The comedian George Carlin liked to marvel at oxymorons like “jumbo shrimp” and “military intelligence.” Now, as the race for the Democratic presidential nomination intensifies, reporters and pundits at corporate media outlets are escalating their use of a one-word political oxymoron—”moderate.”
As a practical matter, in the routine lexicon of U.S. mass media, “moderate” actually means pro-corporate and reliably unwilling to disrupt the dominant power structures. “Moderate” is a term of endearment in elite circles, a label conferred on politicians who won’t rock establishment boats.
“Moderate” sounds so much nicer than, say, “enmeshed with Wall Street” or “supportive of the military-industrial complex.”
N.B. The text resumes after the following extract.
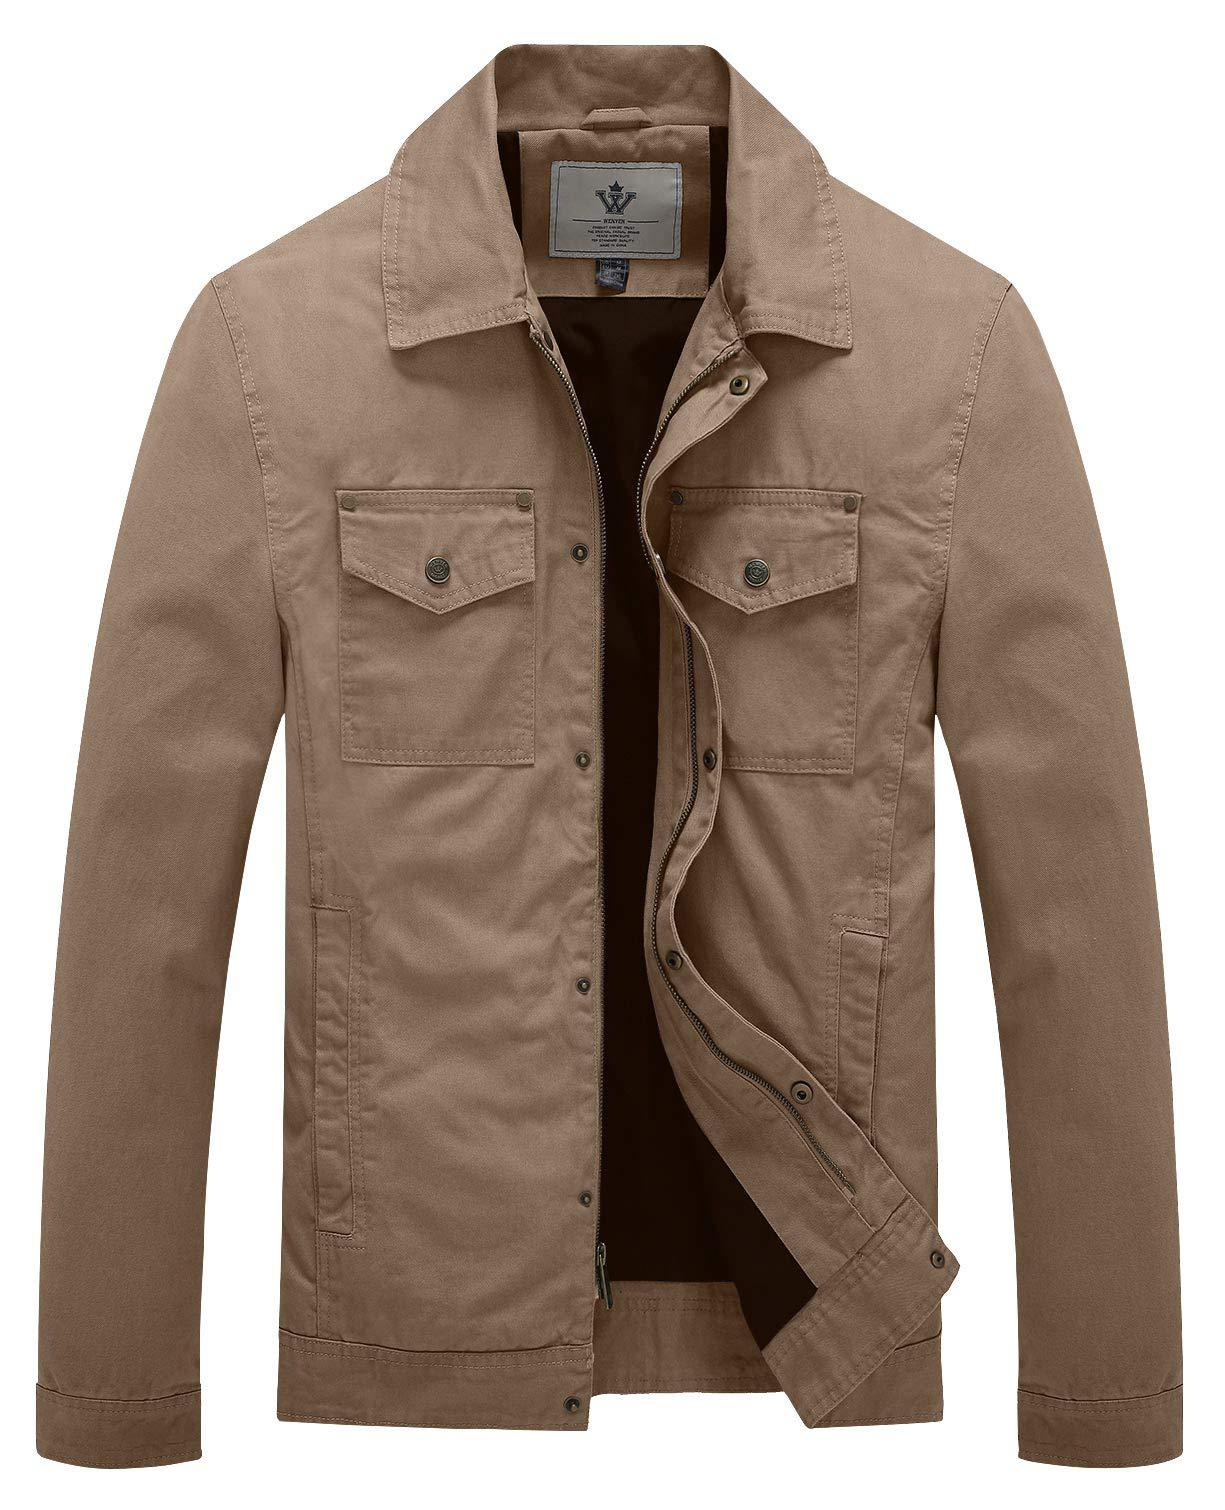 WenVen Men's Spring Military Canavas Cotton Lapel Jacket Windbreaker

In the corporate media environment, we’re accustomed to pretty euphemisms that fog up unpretty realities—and the haze of familiarity brings the opposite of clarity. As George Orwell wrote, language “becomes ugly and inaccurate because our thoughts are foolish, but the slovenliness of our language makes it easier for us to have foolish thoughts.”
If Joe Biden is a “moderate,” the soothing adjective obscures grim realities. The framing was routine hours after the debate Wednesday night when the front page of the New York Times began its lead story by reporting that Biden “delivered a steadfast defense of his moderate policies in the Democratic primary debate.”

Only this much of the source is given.